Stage : Mild Cognitive Impairment

Dementia from the inside

Clear cognitive problems begin to manifest in stage 3. A few signs of stage 3 dementia include:

  • Getting lost easily
  • Noticeably poor performance at work
  • Forgetting the names of family members and close friends
  • Difficulty retaining information read in a book or passage
  • Losing or misplacing important objects
  • Difficulty concentrating

Patients often start to experience mild to moderate anxiety as these symptoms increasingly interfere with day to day life. Patients who may be in this stage of dementia are encouraged to have a clinical interview with a clinician for proper diagnosis.

Is Dementia A Mental Illness

Dementia is a mental health disorder as defined by the Diagnostic and Statistical Manual of Mental Disorders. In 2013, the American Psychiatric Association changed the name to Major Neurocognitive Disorder, which is a mouthful. The change was made in order to provide a clearer description of the problem. Whats most important to know is that dementias can involve changes to emotions, behaviors, perceptions, and movements in addition to memory and thinking.

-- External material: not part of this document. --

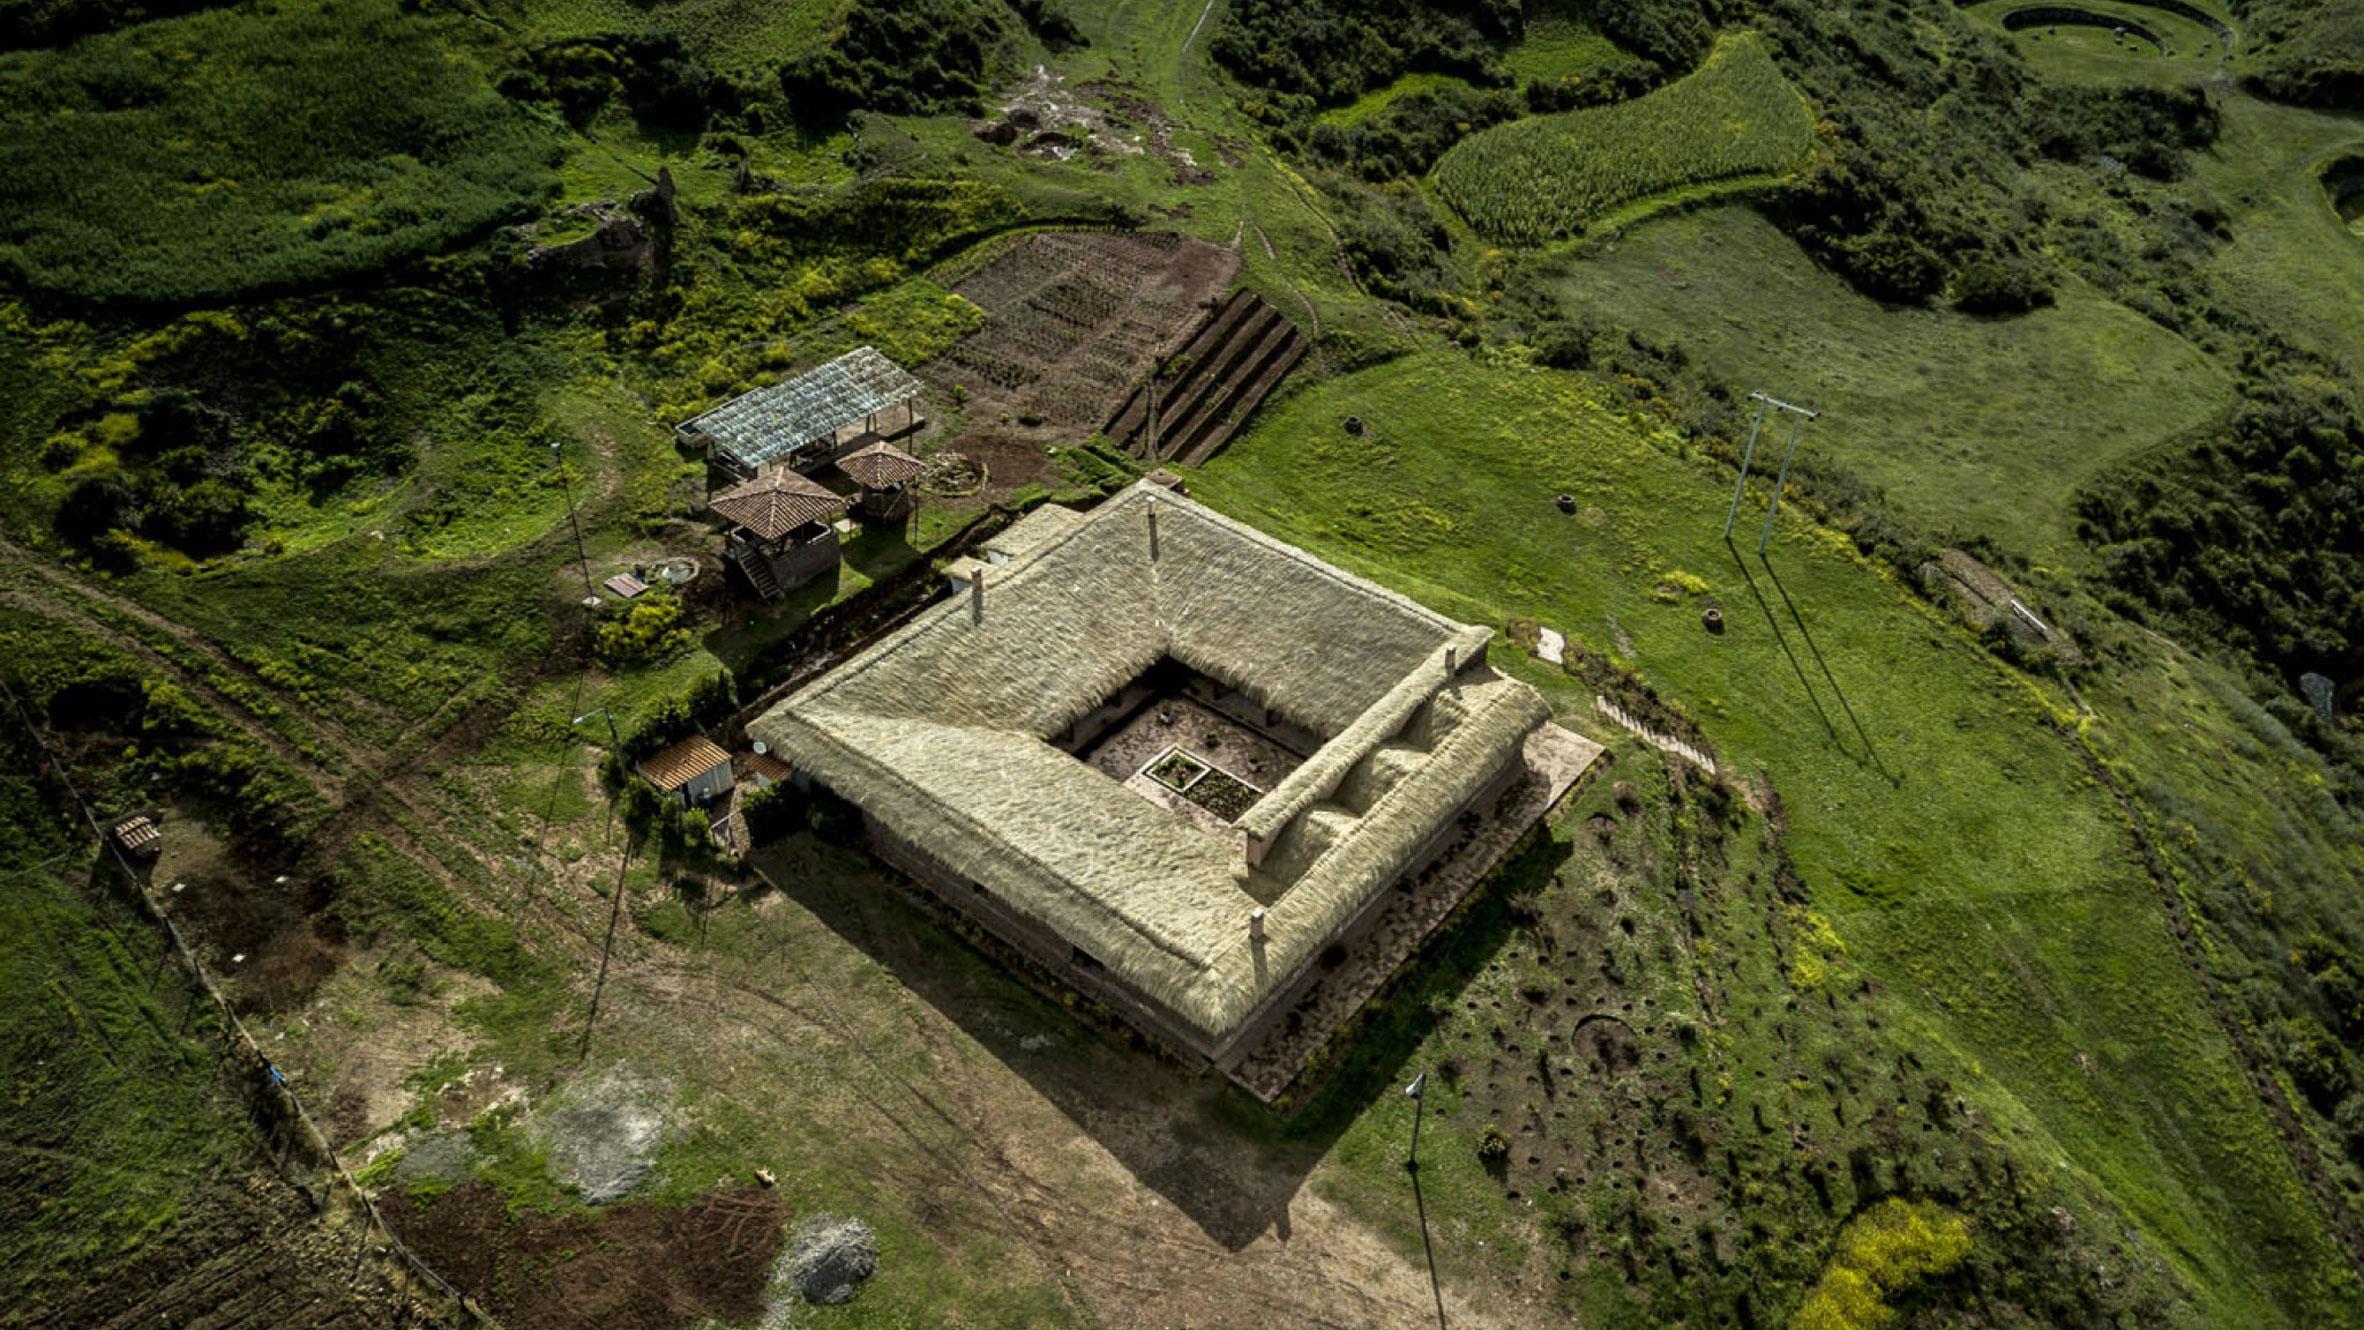 Mil Centro, Maras, Peru, byEstudio Rafael Freyre

What To Do If A Loved One Is Suspicious Of Having Dementia

  • Discuss with loved one. Talk about seeing a medical provider about the observed changes soon. Talk about the issue of driving and always carrying an ID.
  • Medical assessment. Be with a provider that you are comfortable with. Ask about the Medicare Annual Wellness exam.
  • Family Meeting. Start planning, and gather documents like the Health Care Directive, Durable Power of Attorney for Health Care, Estate Plan.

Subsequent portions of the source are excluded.